More than once I ended up battling bosses only using Oliver, simply defending and attacking when needed. It’s an incredible shame that the customisation and fun to be had with the familiars wasn’t matched by the battle system, because there is so much to do. Sidequests are split between Bounty Hunts and Errands, which are almost criminally addictive. Bounty Hunts will tell you the approximate location of the target, and requires you to actually find it with your own eyes (amazing right) before you can take it down. Errands, while mostly banal fetch quests, are occasionally worthwhile, but normally net you more money and better items.
Beside being rewarded with money and items, you also get stamps, which is probably why my inner twelve year old was so excited. Stamps can then be exchanged for pretty awesome in-game rewards, like receiving more experience, travelling faster and getting more items. And jumping. While you may thing jumping is useless, more than one time in battle I’ve avoided death by jumping with a familiar and grabbing a golden ‘super ability orb’ before it just disappeared.

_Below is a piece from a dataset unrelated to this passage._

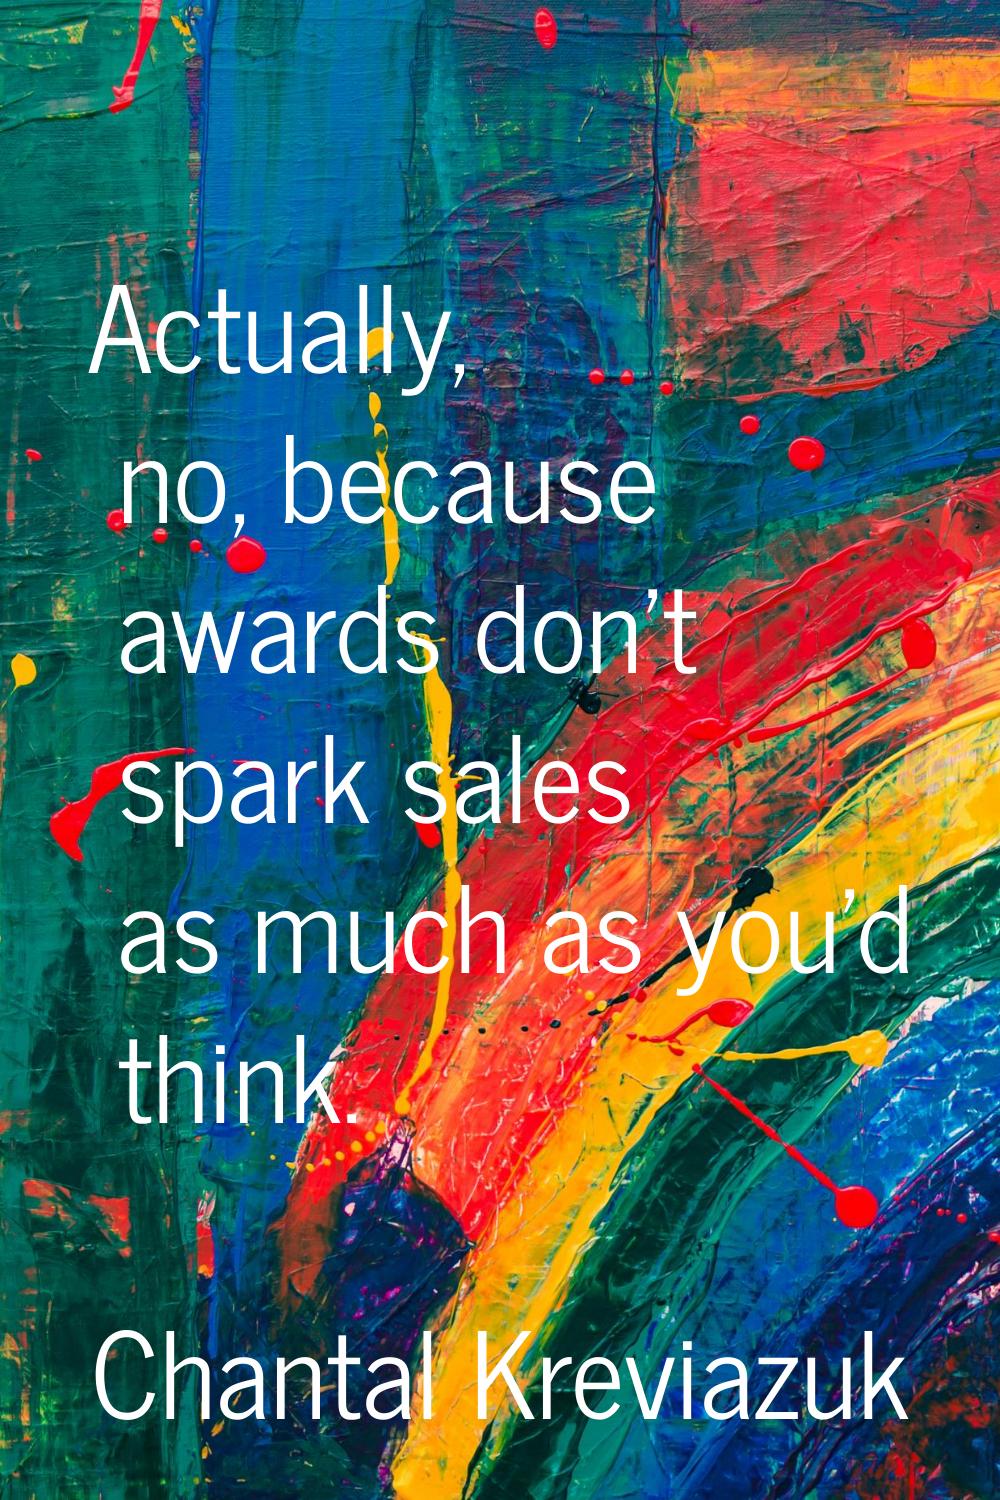 Actually, no, because awards don't spark sales as much as you'd think.

There’s still more to do though. Alchemy lets you mix items together to create new, better equipment, there is a casino where you can go to gamble (and I mean gamble, it was actually kind of discomforting to see an eleven year old hit up the pokies) to win items and tickets that can be later used at the Solisseum, a place where you can do even more missions and things to win more items and legendary familiars. When you beat the game, more missions open up, and takes you back to just before the final battle.
The question then becomes ‘is it worth doing all the other things if the combat is so mediocre?’. For those of you that fall in love with the party and the familiars, then hell yes it’s worth it, but if your feelings are lukewarm you might just want to plough on through to the final boss and be done with it.